Büyük iddialarla lanse edilen, 6331 sayılı İş Sayılı İş Sağlığı Güvenliği Kanunu’nun kabulünün üzerinden tam 10 yıl geçmesine karşın kazalar, ölümler azalmıyor. Kanunun kabulünden bu yana en az 13 bin emekçi iş kazalarında hayatını kaybetti, milyonlarca emekçi yaralandı. Çalışma yaşamı ve İSİG konularında görev ve sorumluluğu bulunan ÇSGB ise görevlerini yerine getirmiyor, getiremiyor, sorumluluk üstlenmiyor.

Aradan geçen yıllar bir kez daha gösterdi ki işverenlerin önlem alma, devletin mevzuat yapma ve işyerlerini denetleme yükümlülüklerinin etkin bir şekilde yerine getirilebilmesi, kamucu bir anlayışın benimsenmesi, sendikalar ile meslek örgütlerini, mühendislik ve tıp bilimlerini yok saymaması ile mümkün olabilecektir.

Bunun için yıllardır idari, mali yönden özerk ve demokratik işleyişe sahip bir kurum olarak ifade edip önerdiğimiz, içerisinde sendikaların, meslek örgütlerinin de yer aldığı İSİG Enstitüsü derhal oluşturulmalıdır.

Bu kurum, ulusal politikaları belirleme ve yaşama geçirmede özgür bilimsel iradeye ve güce sahip olmalıdır. İSİG, patlama, yangın vb. sonrası akla gelen, birkaç gün konuşulduktan sonra yeni patlamalar, ölümler ile kısa bir süreliğine yeniden gündeme gelen bir konu olmamalıdır.

Devletin ve işverenlerin görev ve sorumluluklarını eksiksiz yerine getirdiği, ilgili tüm tarafların kamusal hizmet bağlamında içinde yer aldığı bir konu olmalıdır.
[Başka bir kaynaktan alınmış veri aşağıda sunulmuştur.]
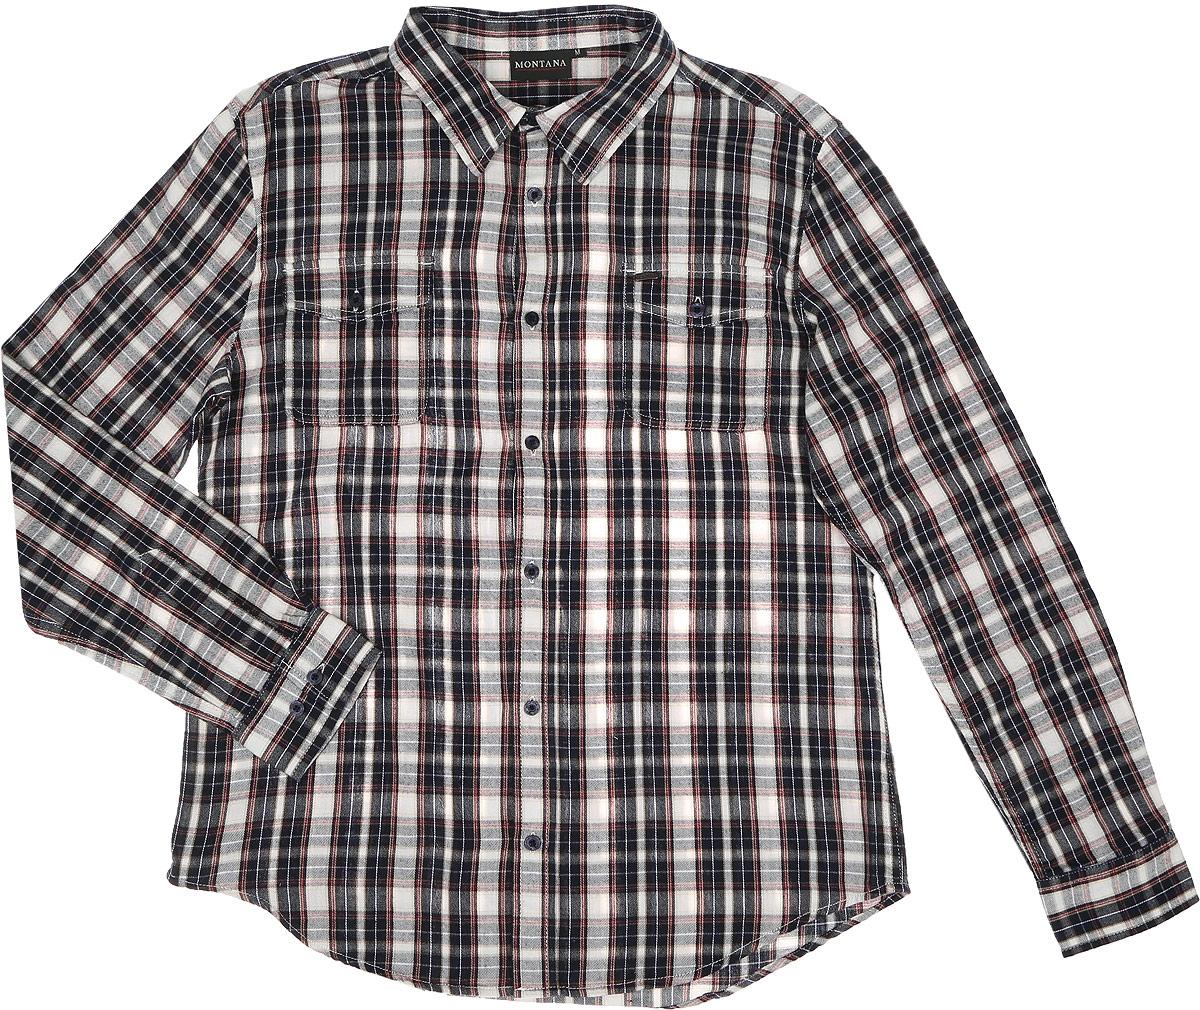 Рубашка11058_CHECKСтильная мужская рубашка Montana, выполненная из натурального хлопка, позволяет коже дышать, тем самым обеспечивая наибольший комфорт при носке. Модель классического кроя с отложным воротником и длинными рукавами застегивается на пуговицы по всей длине. Манжеты рукавов дополнены застежками-пуговицами. Модель дополнена на груди двумя накладными карманами с клапанами на пуговицах.

Bunun yolu da, işçiler, sendikalar, meslek örgütlerinin karar alma, denetleme mekanizmalarının asli unsuru olacakları, yasal, etkin bir kurum ile mümkün olacaktır.

Bu mekanizmanın yaratılması yerine her türlü görev ve yetkiyi tek elde toplayan ÇSGB şunu bilmelidir ki, ölümlerin sorumlusu olarak tarih sayfalarında yerini alacaktır.

Artık yeter; iş kazalarının sona ermesini ve emekçilerin işyerlerinde ölmesini istemiyoruz.

Makina Mühendisleri Odası bu süreçte her türlü desteği vermeye talip ve görev almaya hazırdır" ifadelerine yer verildi.